章
目
录
随着直播行业的崛起,大型互联网直播公司每日都会产生海量的直播数据,为了更好地服务主播与用户,提高直播质量与用户粘性,往往会对大量的数据进行分析与统计,从中挖掘商业价值,我们将通过一个实战案例,来使用Hadoop技术来实现对直播数据的统计与分析。
我这里是简化过后的数据格式,大致如下:
{"id":"1580089010000","uid":"12001002543","nickname":"jack2543","gold":561,"watchnumpv":1697,"follower":1509,"gifter":2920,"watchnumuv":5410,"length":3542,"exp":183}
{"id":"1580089010001","uid":"12001001853","nickname":"jack1853","gold":660,"watchnumpv":8160,"follower":1781,"gifter":551,"watchnumuv":4798,"length":189,"exp":89}
{"id":"1580089010002","uid":"12001003786","nickname":"jack3786","gold":14,"watchnumpv":577,"follower":1759,"gifter":2643,"watchnumuv":8910,"length":1203,"exp":54}
数据格式为json格式,大家可以自己写程序批量随机生成相关数据,当然,这里我也为大家提供模拟数据文件的下载,解压后的文件名为video_20200504.log:
|
文件下载 |
文件名称:直播模拟数据 | 文件大小:206KB |
| 下载声明:本站资源仅供学习和研究使用,不得用于商业用途。如资源不慎侵犯你的版权请联系博主处理! | ||
| 下载地址:免费下载" rel="nofollow noopener noreferrer" target="_blank"> 点击下载 | |
|
运营部门门需要针对主播每天的开播数据进行分析,统计出来每天受欢迎程度比较高的一些主播,进而对这些主播分发更多流量,挖掘最大价值,我们这里主要做两个具体需求:
1、对数据中的金币数量,总观看pv,粉丝关注数量,视频总开播时长等指标进行统计
2、统计每天开播时长最长的前10名主播及对应的开播时长
具体实现流程我们分为4个大步骤,分别如下:
- 实现数据清洗
- 实现指标统计
- 实现TOP N统计
- 实现定时任务脚本
1、实现数据清洗
由于原始数据是通过日志方式进行记录的,在使用日志采集工具采集到HDFS之后,还需要对数据进行清洗过滤,丢弃缺失字段的数据,针对异常字段值进行标准化处理。
需求:
1.从原始数据(JSON格式)中过滤出来需要的字段
主播id(uid)、金币数量(gold)、总观看PV(watchnumpv)、粉丝关注数量(follower)、视频开播总时长(length)
2.针对核心字段进行异常值判断
金币数量、总观看PV、粉丝关注数量、视频总开播时长
以上四个字段正常情况下都不应该是负值,也不应该缺失,如果这些字段值为负值,则认为是异常数据,直接丢弃,如果这些字段个别缺失,则认为该字段的值为0
分析:
1:由于原始数据是json格式的,所以可以使用fastison对原始数据进行解析,获取指定字段的内容
2:然后对获取到的数据进行判断,只保留满足条件的数据即可
3:由于不需要聚合过程, 只是一个简单的过滤操作,所以只需要map阶段即可,reduce阶段就不需要了
4:其中map阶段的k1, v1的数据类型是固定的:
k2, v2的数据类型为:
1)创建Maven项目,pom.xml除了之前的配置,还需要新增fastjson依赖
<dependency>
<groupId>com.alibaba</groupId>
<artifactId>fastjson</artifactId>
<version>1.2.68</version>
</dependency>
2)创建清洗Mapper
public class DataCleanMapper extends Mapper<LongWritable, Text, NullWritable, Text> {
@Override
protected void map(LongWritable k1, Text v1, Context context)

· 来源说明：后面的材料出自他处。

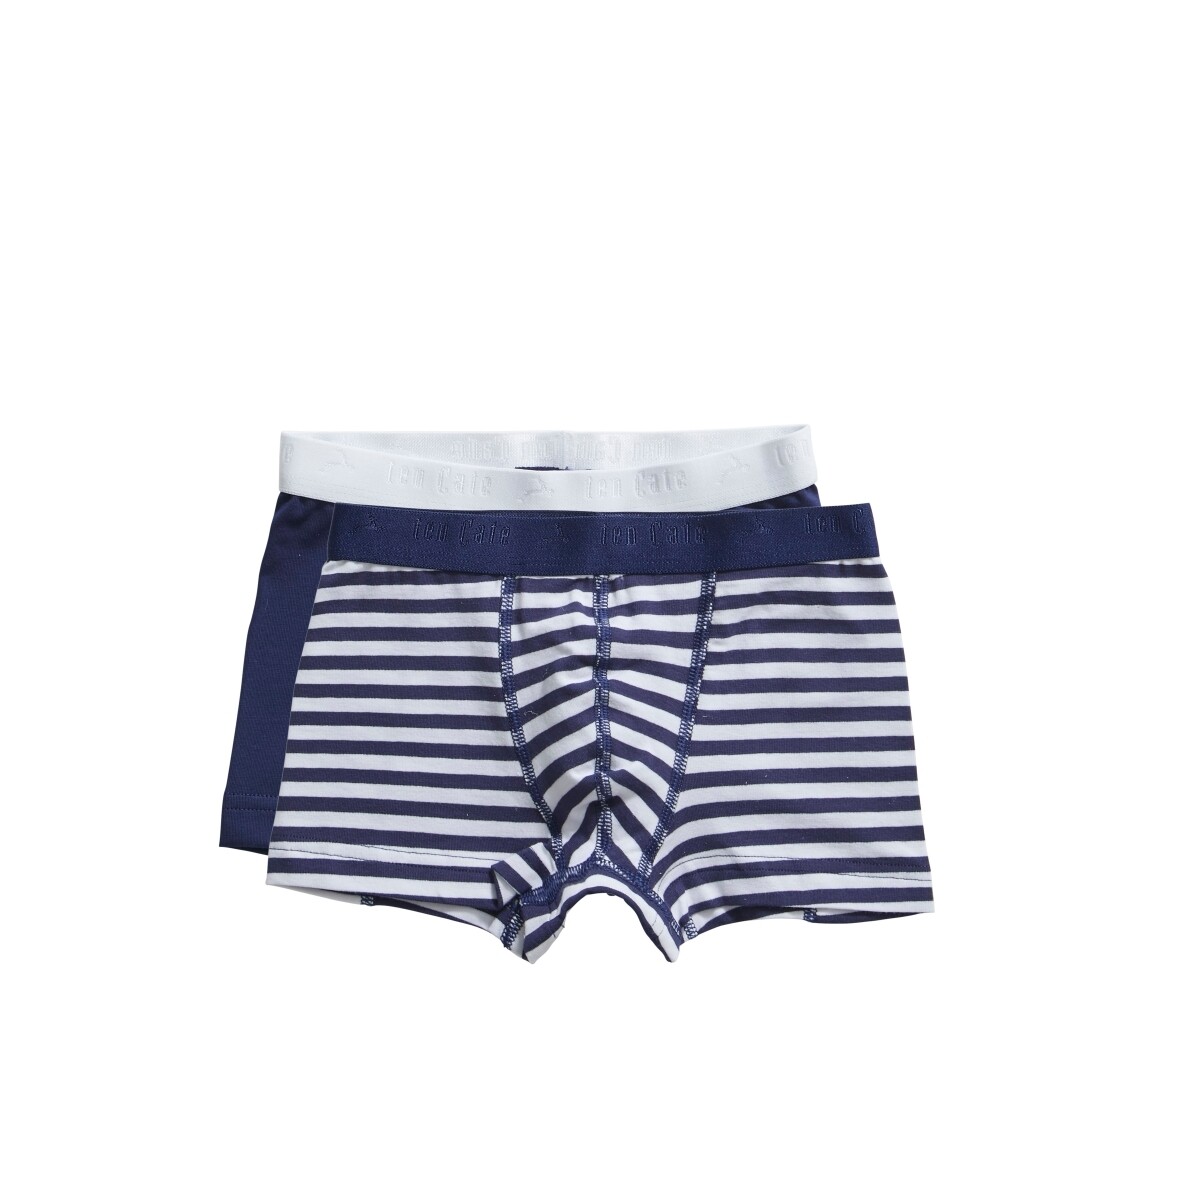 Ten Cate 31122 stripe and medieval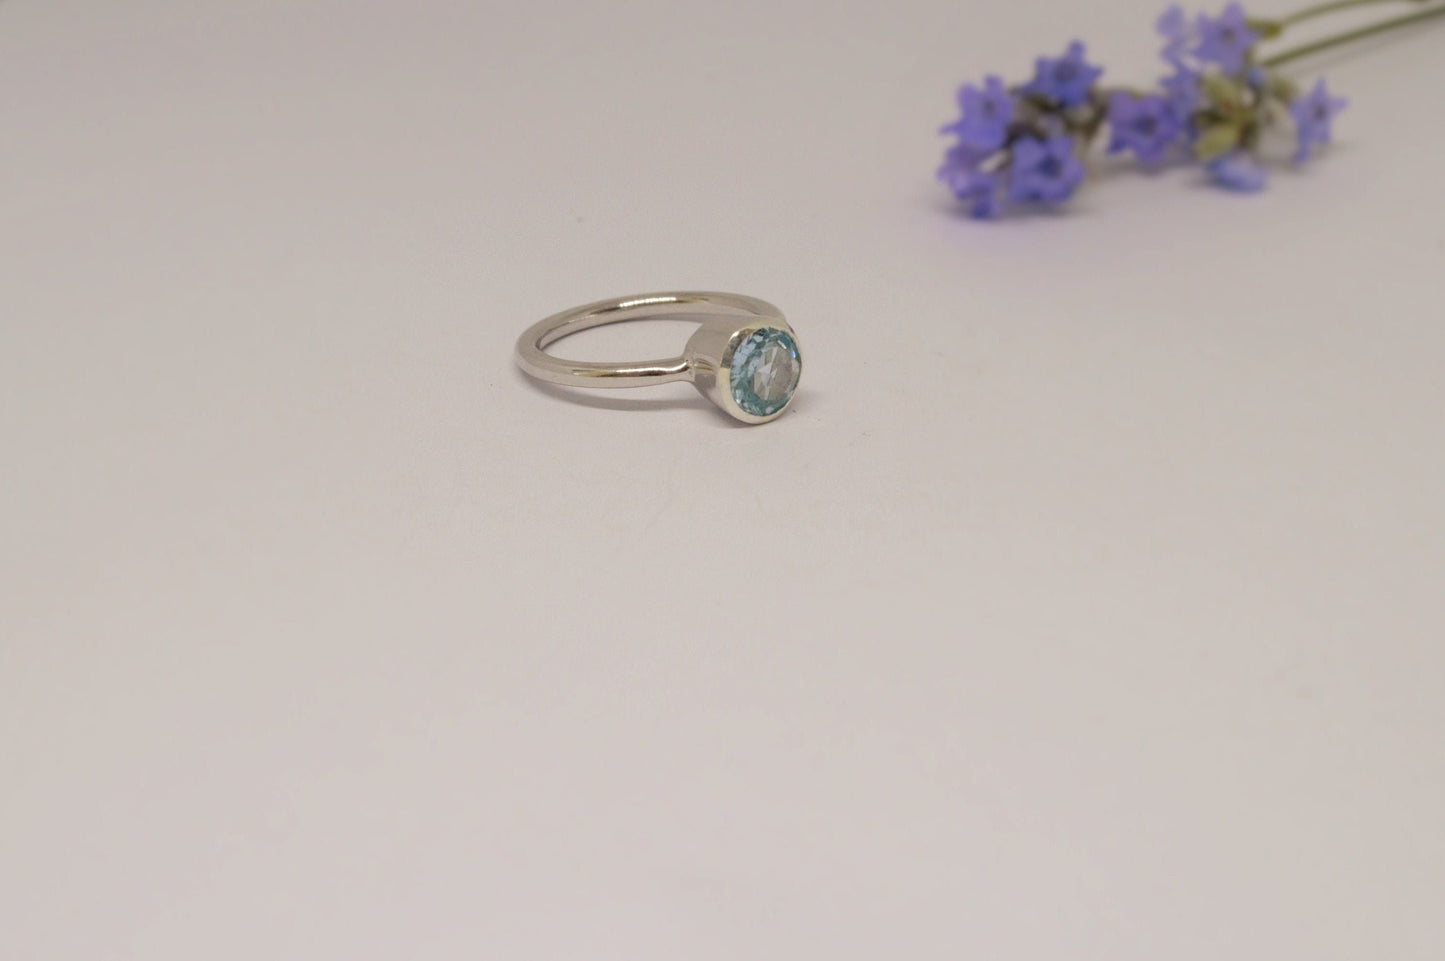 Blue Topaz Ring In 925 Sterling Silver, Unique Dainty Gem Ring, Statement Rings For Women, UK size O, December Birthstone, Gift For Her

throws IOException, InterruptedException {
//1.将v1转为json对象
JSONObject json = JSON.parseObject(v1.toString());
//2.提取v1中的核心字段-使用getIntValue而不使用getIntger,因为getIntValue获取不到会返回0
String uid = json.getString("uid");//主播id(uid)
int gold = json.getIntValue("gold");//金币数量(gold)
int watchnumpv = json.getIntValue("watchnumpv");//总观看PV(watchnumpv)
int follower = json.getIntValue("follower");//粉丝关注数量(follower)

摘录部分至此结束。